Digitising Drug Discovery: How AI/ML Is Transforming Target Identification and Screening
The life sciences industry is undergoing a major evolution, driven by artificial intelligence (AI) and machine learning (ML). Nowhere is this more apparent than in drug discovery, particularly in target identification and screening, where these technologies are helping to cut time, cost, and attrition.
Why Now? The Industry Context
Developing a new drug traditionally takes 10–12 years and can cost upwards of $2.6 billion. From early-stage target validation to Phase III trials, the journey is slow, expensive, and often ends in failure. The introduction of AI and ML into this pipeline is a game-changer, offering new ways to interpret data, accelerate decision-making, and increase the odds of success.
The Problem with the Old Way
Historically, drug discovery has been reliant on manual processes and siloed systems. Screening potential compounds has often been laborious, with research teams navigating fragmented data and time-consuming experiments. This approach leads to long development cycles, high attrition rates, and costly late-stage failures, particularly frustrating after years of investment.

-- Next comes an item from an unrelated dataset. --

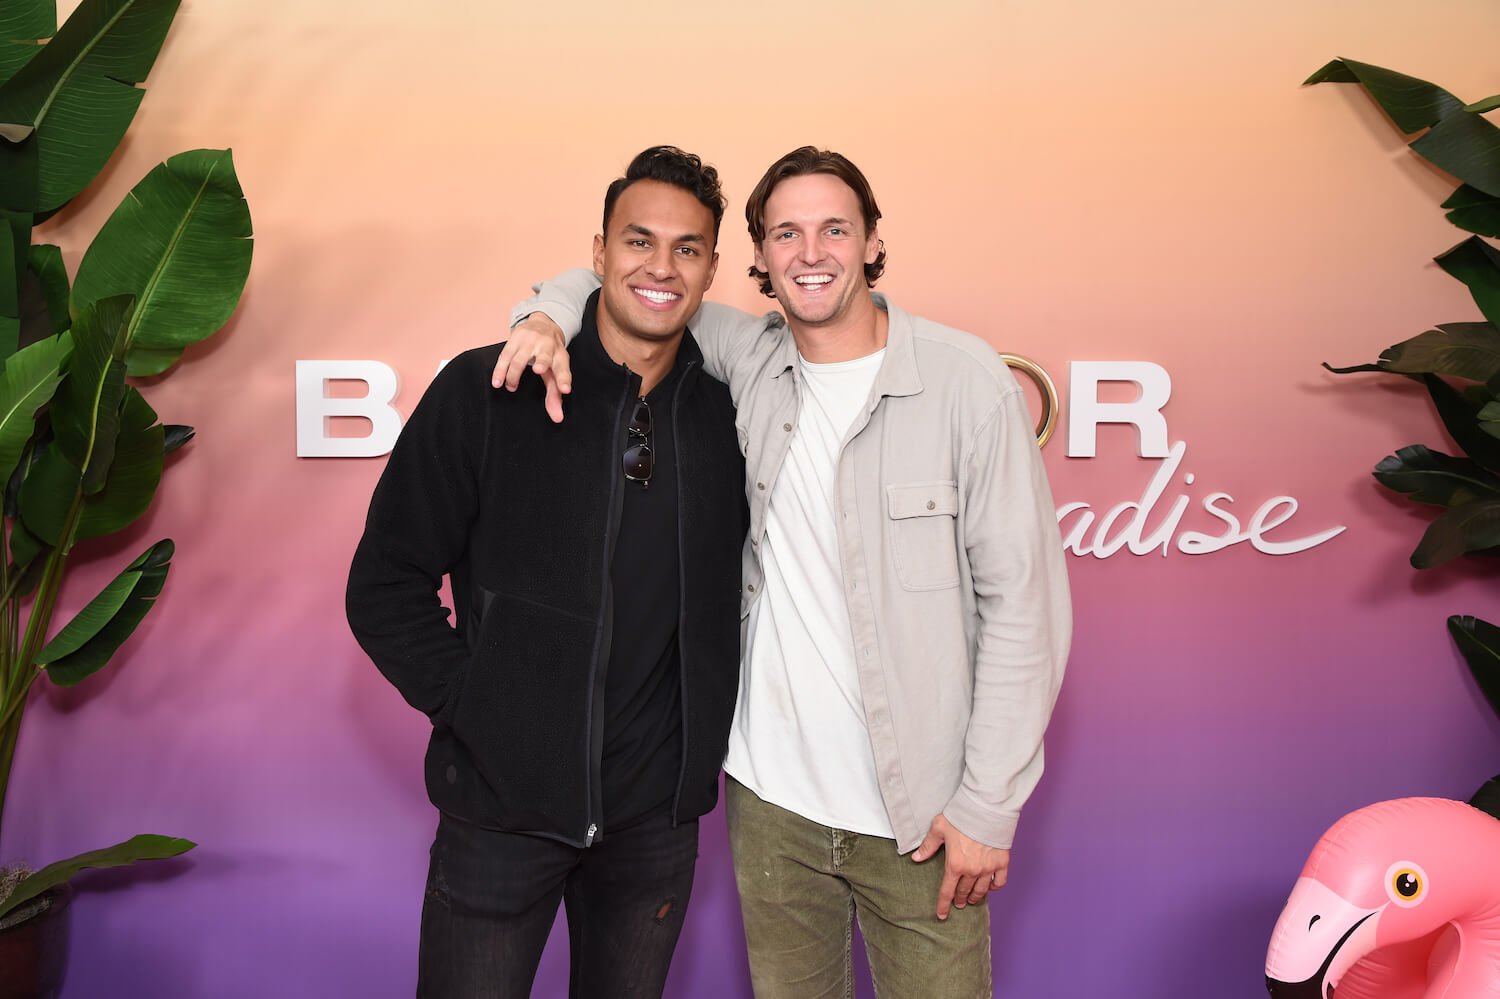 Logan Palmer and Aaron Clancy posing together in front of a 'Bachelor in Paradise' backdrop 
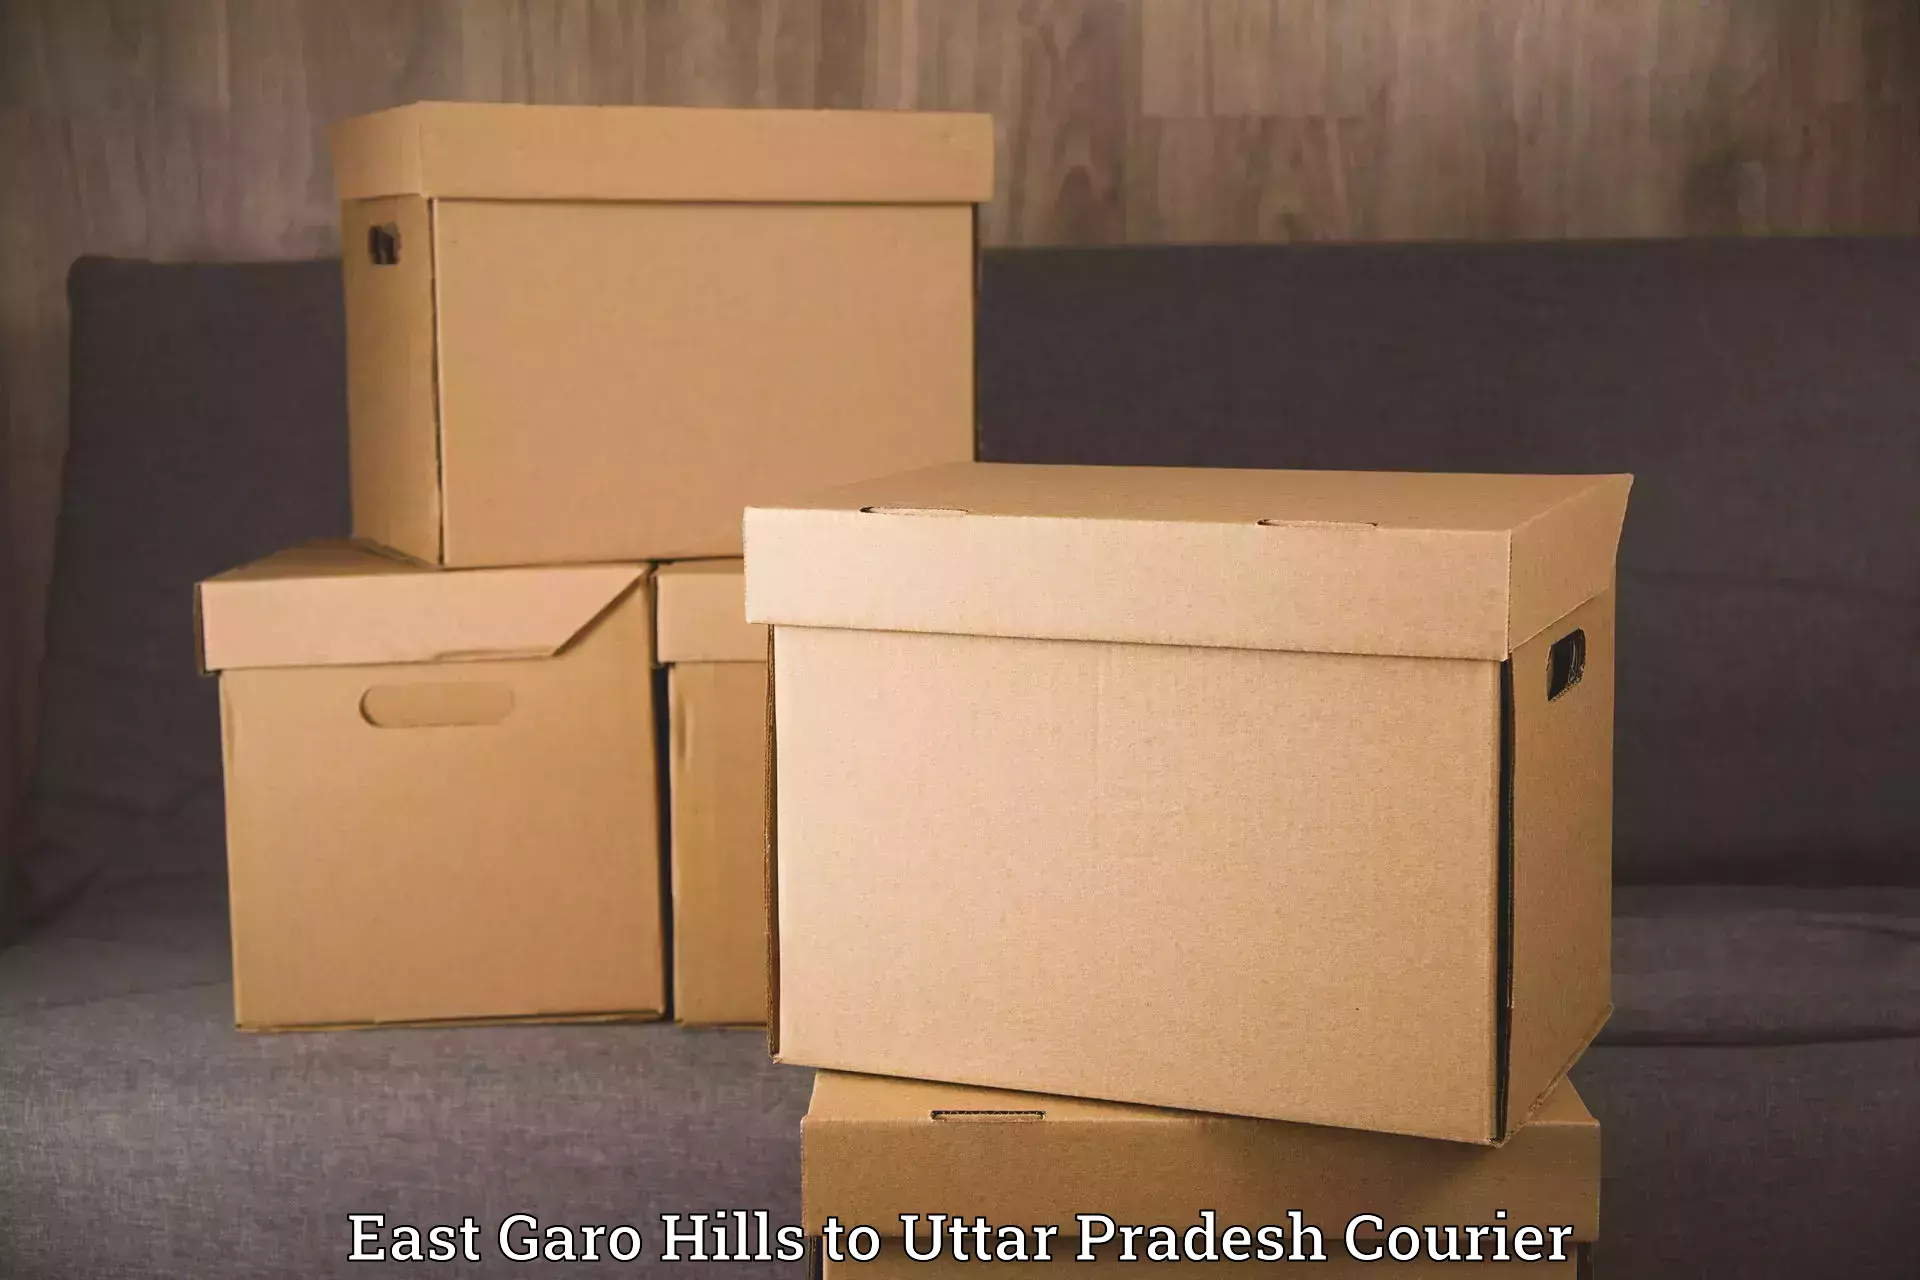 Furniture delivery service East Garo Hills to Chunar

Real-World Examples of AI in Action
Several AI-driven biotech companies are already demonstrating what's possible:
-
Insilico Medicine used AI to design a novel drug in just 46 days, reaching Phase I clinical trials in under 30 months, an unprecedented timeline in the industry.
-
Exscientia cut early-stage development timelines and, in a 2023 clinical trial, achieved a 54% increase in tumour control duration using AI-optimised molecules.
-
XtalPi developed predictive chemistry platforms for partners like Pfizer, delivering accurate molecule structure predictions and significantly reducing preclinical guesswork.
A World of Opportunity
AI brings two compelling pathways for innovation:
-
Off-the-shelf AI models offer a fast and scalable route, ideal for teams looking to enhance early-stage discovery.
-
Bespoke platforms provide tailored, domain-specific models with greater IP defensibility and precision performance.
For organisations with the right expertise and infrastructure, these options open the door to smarter, faster, and more commercially viable R&D.
The Risks to Watch
Despite the promise, AI is not a silver bullet. Poor implementation can result in:
-
Opaque, non-interpretable models
-
Poor reproducibility of results
-
Regulatory challenges
-
Misallocated investment in unsuitable tech
A clear strategy, robust data governance, and scientific oversight are essential to avoid these pitfalls.
The Road Ahead, and How XPS Helps
At XPS, we work closely with biotech and pharma teams to integrate AI and ML in a way that is both scientifically sound and commercially scalable. Whether you’re exploring cloud-based AI pipelines, implementing open-source ML tools, or building proprietary models, we help ensure:
-
Proper governance and data hygiene
-
Cross-functional collaboration between science, tech, and compliance
-
Flexible, future-proof integration strategies
We believe the next wave of blockbuster drugs won’t be found, they’ll be designed, and AI will be central to that transformation.